So what about this Web Editor?
I didn’t realize the significance of this new Web Editor shortcut until I realized that the Web Editor is free for everyone.
Originally, I thought the shortcut was to instantiate a Codespace. Codespace has pricing and it is only available for at least a Team/Organization account. So, a personal account can’t set spending limit. I don’t actually know how to do that at the moment, because I’m not sure why I can use Codespace. Maybe because of the Beta and not because I’m a member of some team.
The Web Editor, on the other hand, is free for everyone. It doesn’t use any compute, so it’s just basically a fancy text editor in your browser. But, it doesn’t mean it’s not powerful. The editor uses your own browser to run the process. It also uses your browser’s HTML local storage to save intermediate state. Finally, it uses a git repo as the database.

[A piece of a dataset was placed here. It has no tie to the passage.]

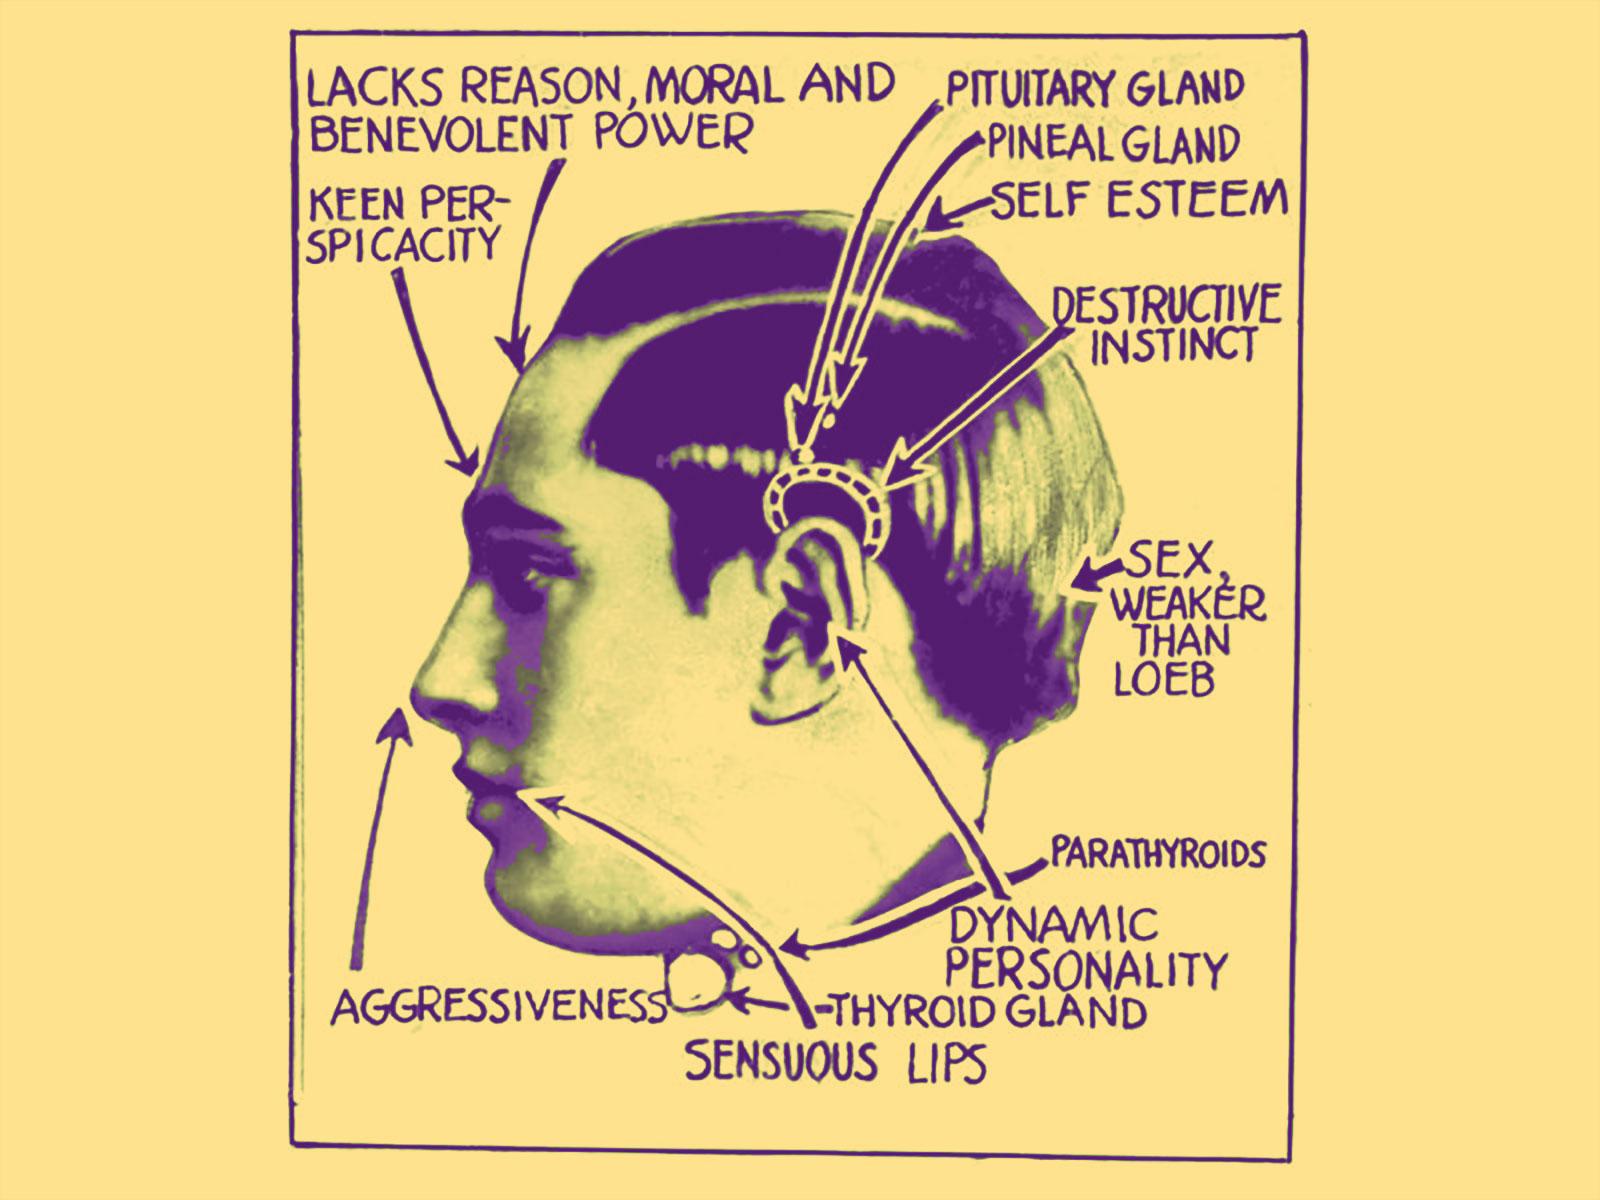 Phrenological Diagram, Leopold and Loeb

It’s really mindblowing for me. You can have a Git Repo for free (basically cloud service to store all your files), and the editor for free. Moreover, it’s seamlessly integrated. You don’t need extra setup. You can start editing files in a git repo, and then if you connect it to any free cloud-based service, you basically have a free environment.
The most straightforward use case is to publish a personal site powered by Headless-CMS approach.
My site here is currently built using Gatsby and Netlify. When I have commits in the default branch, it will auto deploy to the web and make my website live. Usually I checkout my repo in my local PC. Build it there and publish it. But since Codespace beta, I can create articles from within my iPad browser, and auto deploy it when I commit. Netlify also has a CMS for Gatsby, which is kind of the same thing in principle with this GitHub web editor. However, this web editor is essentially a Visual Studio Code in a browser, so you can benefit from extensions that can be run from within the browser, like the linter or syntax checker. This approach just gave birth of a new platform for editing.
One other use case I can think about is how you can leverage your GitOps with this. If you already setup GitHub Action Workflow, or any CI/CD that works with Git, you can hook your operation by commits. By just doing commits, you can trigger deployment to virtually anywhere.
If you check something like ArgoCD or Rancher Fleet, it is based on GitOps approach. Any changes of your Kubernetes manifests in a git repo will be synced in your cluster. This make it easy for a team to quickly deploy or upgrade their apps… with just a web editor.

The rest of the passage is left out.